With sunny skies and a chill in the wind Friday, dozens of York area firefighters and volunteers set out to bring Easter cheer to families in the city.

The York Professional Firefighters Association and volunteers are distributing goods from its Easter food drive to 35 families in York City.

They rolled up with a huge fire engine, a truck with red and white flashing lights and several other cars. As they hauled food and Easter baskets to the families and their children, a pink Easter bunny in firefighter overalls directed traffic and greeted the kids.

The drive amassed 2,400 pounds - quite literally a ton - of food, said Greg Altland, assistant chief of York Fire/Rescue Services. And all of it was donated.

Henesie Bowie, 2, clutches a donated Easter basket in the arms of her grandmother Glenda Williams at Williams’ York City home after city firefighters
Henesie Bowie, 2, clutches a donated Easter basket in the arms of her grandmother Glenda Williams at Williams' York City home after city firefighters made a delivery of Easter goodies. (Bill Kalinaphoto)
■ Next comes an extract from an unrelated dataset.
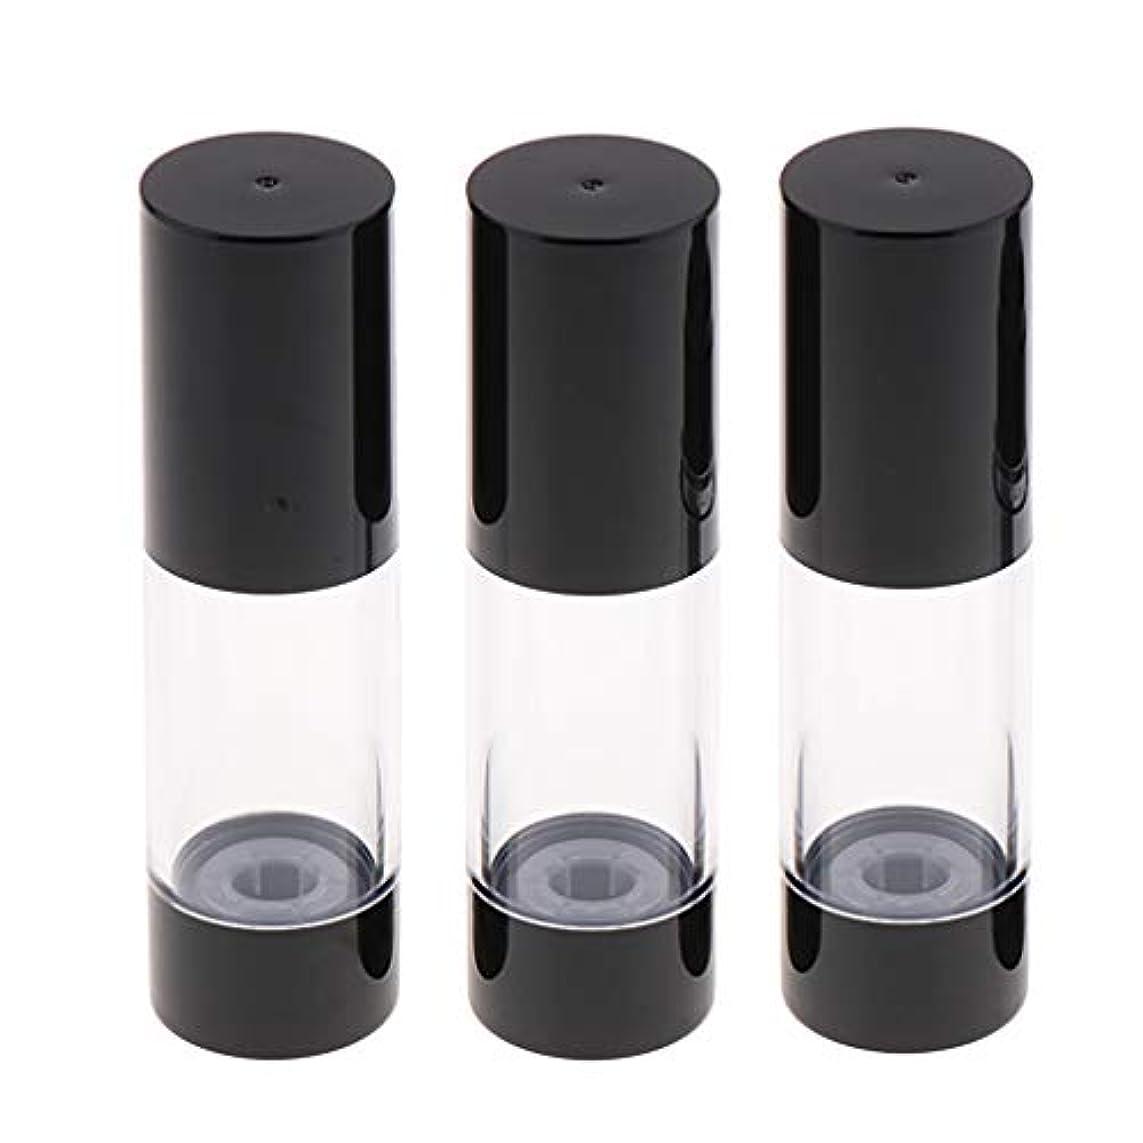 バンカー櫛悪質なHellery 香水アトマイザー スプレーボトル 真空ボトル 霧吹き 詰め替え 再利用可能 漏れ防止 携帯用 3個 - 30mlクリーム

Key meal items featured ham, potatoes, eggs, milk, vegetables and cake mix for the families to prepare and save for leftovers. The Easter baskets came packed with candy, coloring books, new toothbrushes and stuffed animals.

The firefighters also checked each home to see if smoke detectors needed new batteries and quickly addressed any issues, Altland said.

Response: Charles Wallick and his family received Easter meals, and his three children got their very own baskets.

"It's great," he said of the food drive. "It's good for families who do need it."

Altland said he was pleasantly surprised by the outpouring of support from the community, as well as the amount of time and effort people put into the event.

"The businesses really stepped up," he said. Local businesses donated gift cards, groceries and cash toward the food drive.

The Easter food drive was the first of its kind for the company, but Altland said the community can expect more to come.

"This is pretty much going to be a year-round effort for us," Altland said.

He said the company plans to hold similar drives for veterans, the elderly and local food banks.

The drive will finish up on Holy Saturday, when it will make its way to the doorsteps of 14 more families.